Фленушкины речи всеми сидевшими с нею приняты были за сущую правду. На завалине сидя, от слова до слова слышал их Самоквасов. Но как было угадать ему, что Фленушка нарочно взводит на себя небывальщину, заметя его под окном, с хитрою мыслью в нем любовь остудить? Ровно осенняя ночь, стало темно у него на душе. Но как иногда яркий солнечный луч проницает меж туч черно-сизых, так и теперь перед очами его омраченной души девственной прелести полный величаво вставал светозарный образ Дуни, и разумные, скромные речи ее слово за слово вспадали на память ему и, ровно целебный бальзам, капля за каплей в разбитое сердце лились…
На завалинке сидя, в первый раз услыхал он голос ее, и этот нежный певучий голосок показался ему будто знакомым. Где-то, когда-то слыхал он его и теперь узнавал в нем что-то родное. Наяву ли где слышал, во сне ли — того он не помнит. Сходны ли звуки его с голосом матери, ласкавшей его в колыбели, иль с пением ангелов, виденных им во сне во дни невинного раннего детства, не может решить Петр Степаныч.
Буря в душе закипела, когда Фленушкины речи коснулись слуха его, и вдруг будто ангел мирный, небесный крылом благодатным ту бурю покрыл… Дуни слова тихий покой на его разъяренную душу навеяли.
Полон дум придя в перелесок, долго лежал на траве благовонной, долго смотрел он на вечно прекрасную, никогда ненаглядную лазурь небосклона. Мысли менялись, роились. То с болью в сердце вспоминал обманную Фленушку, то чистую сердцем, скромную нравом Дуняшу…
Вдруг шорох в траве и шелест кустов. Кто-то идет в перелесок. Радостью облило сердце его, когда опознал он голоса. Аграфена Петровна с Дуней сели от него недалеко, он притаился в кустах, лежал недвижим и безмолвен и от слова до слова выслушал весь разговор…

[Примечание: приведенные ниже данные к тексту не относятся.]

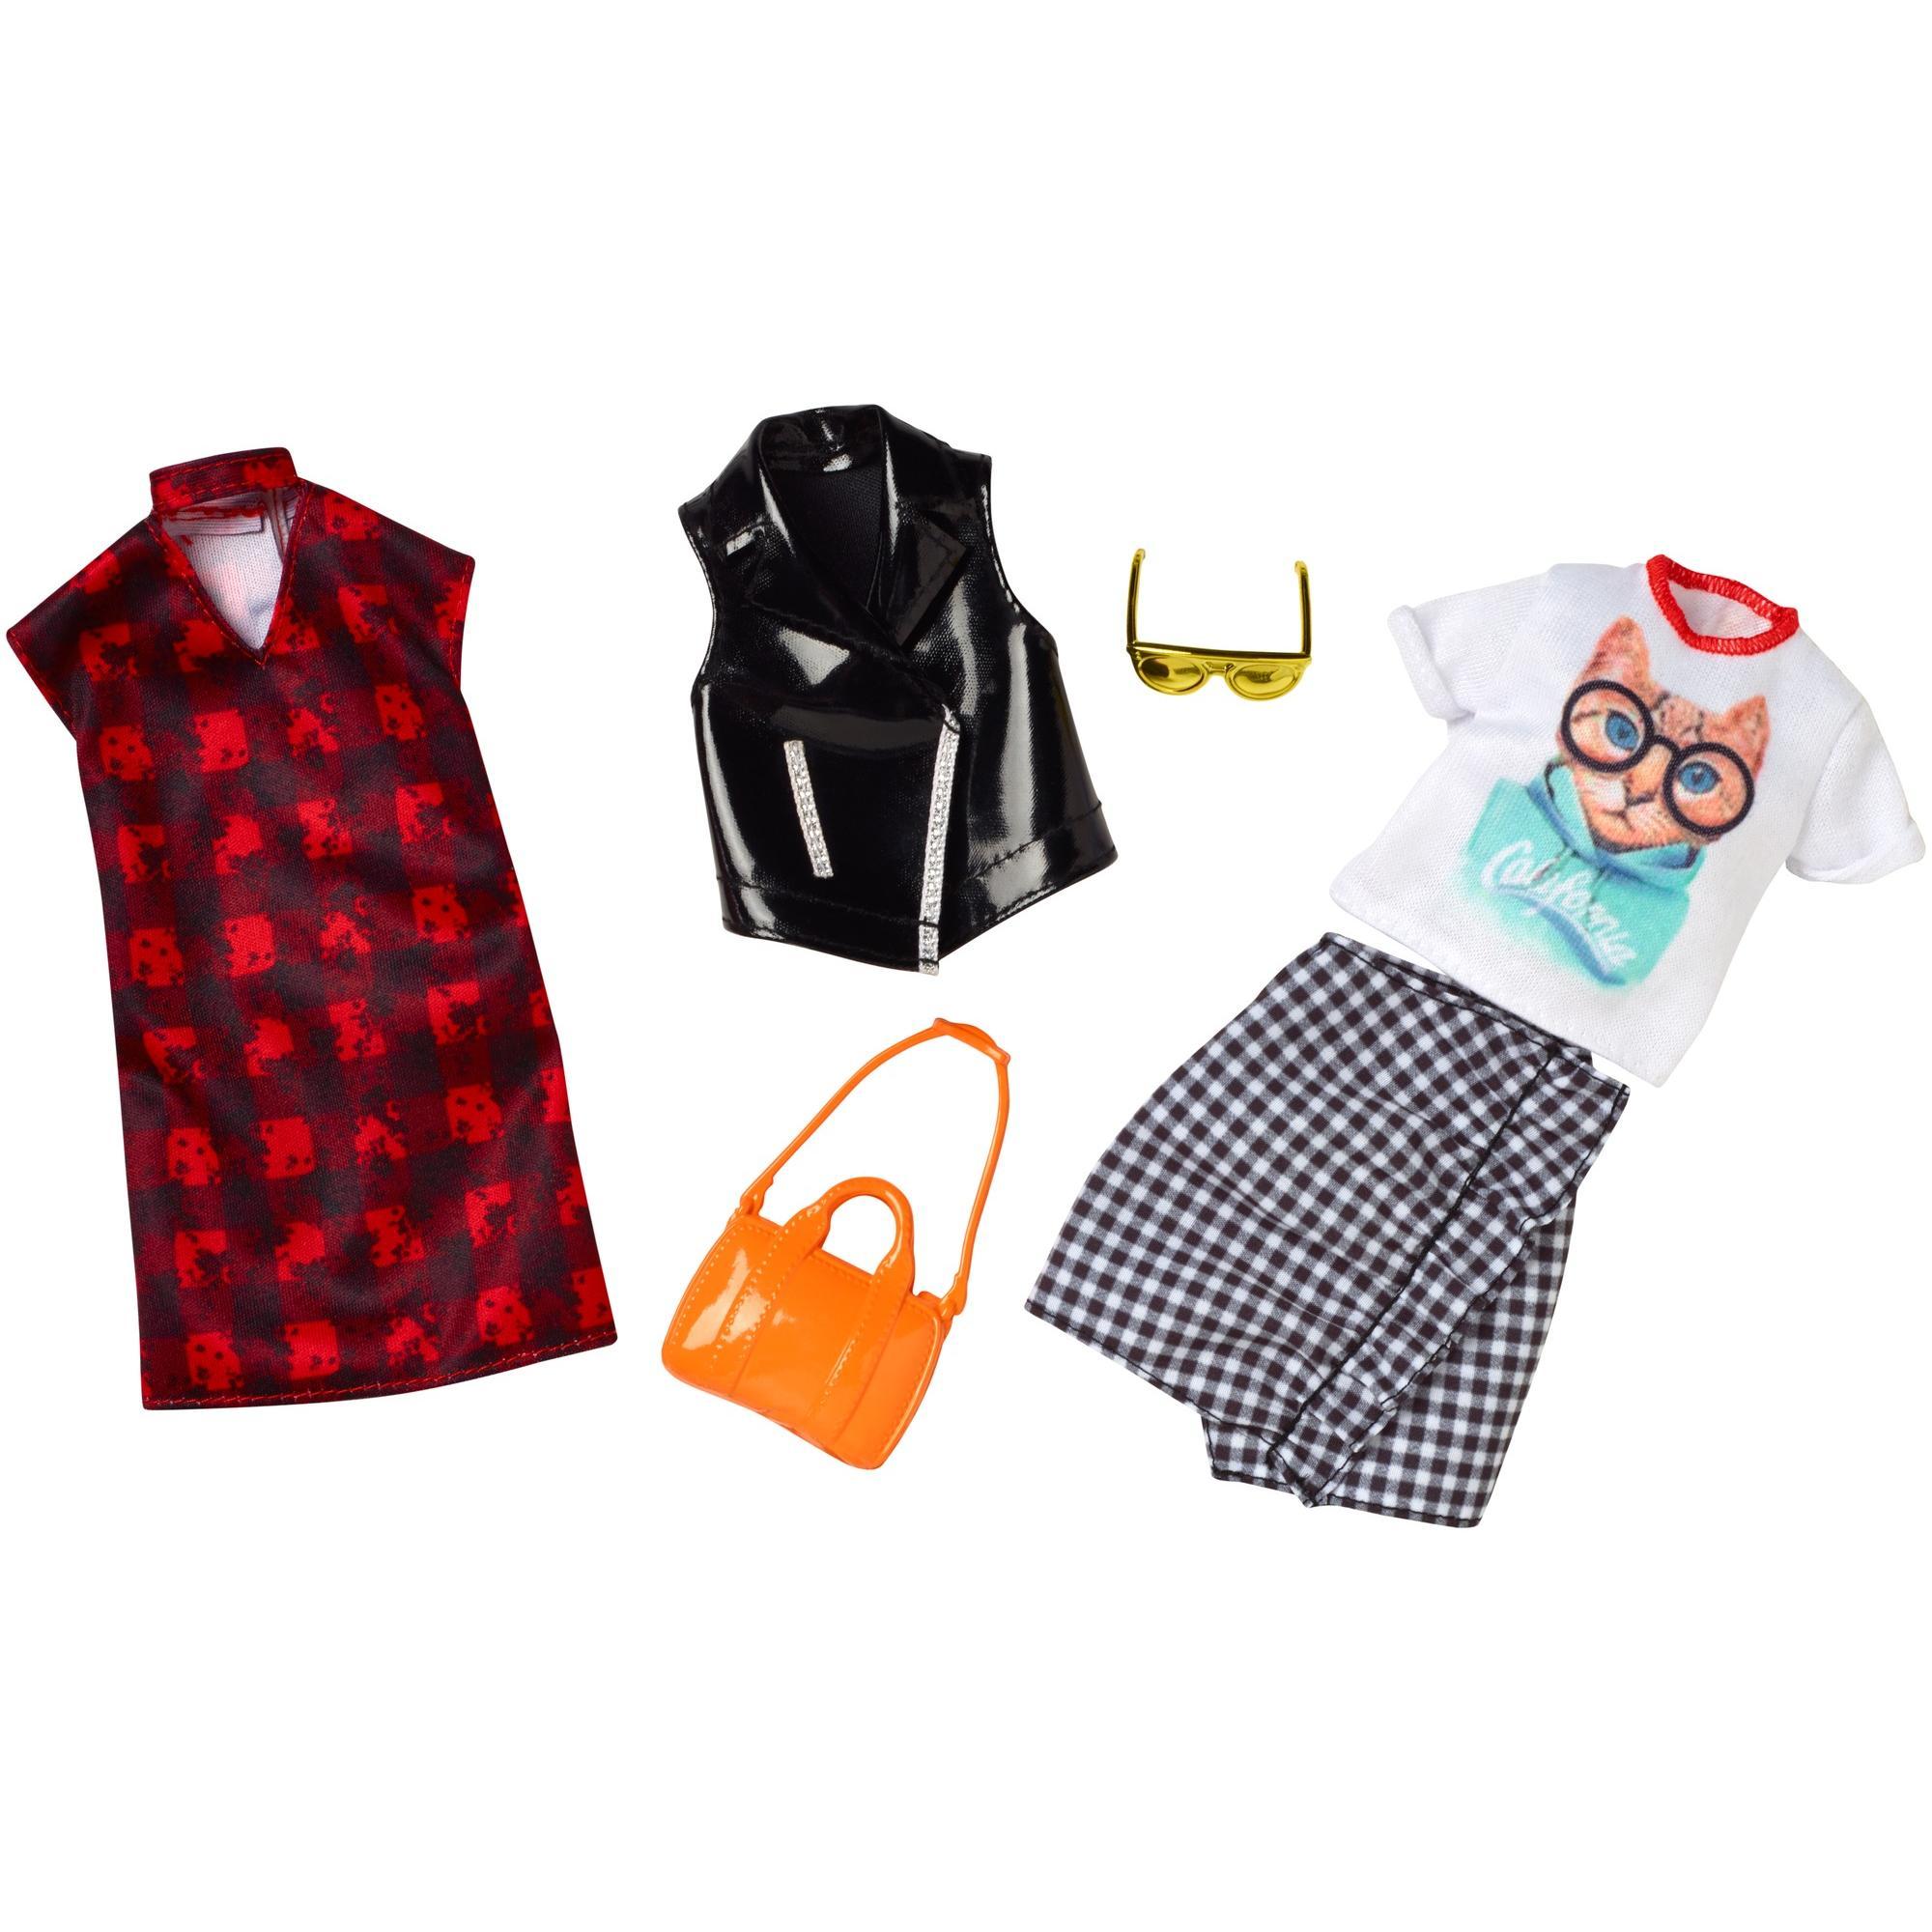 Barbie Choker Dress Fashion 2 Pack

И когда, грозы испугавшись, они удалились, Петр Степаныч долго еще лежал на траве… Ливмя лил дождь, шумно клонились вершины высокоствольных деревьев, оглушительный треск и раскаты громовых ударов не умолкали на небе, золотые, зубчатые молнии то и дело вспыхивали в низко нависших над землею тучах, а он недвижимо лежал на месте, с которого только что Дуня сошла, не слыша ни рева бури, ни грома, ни шума деревьев, не чувствуя ливня, не видя ярко блещущих молний…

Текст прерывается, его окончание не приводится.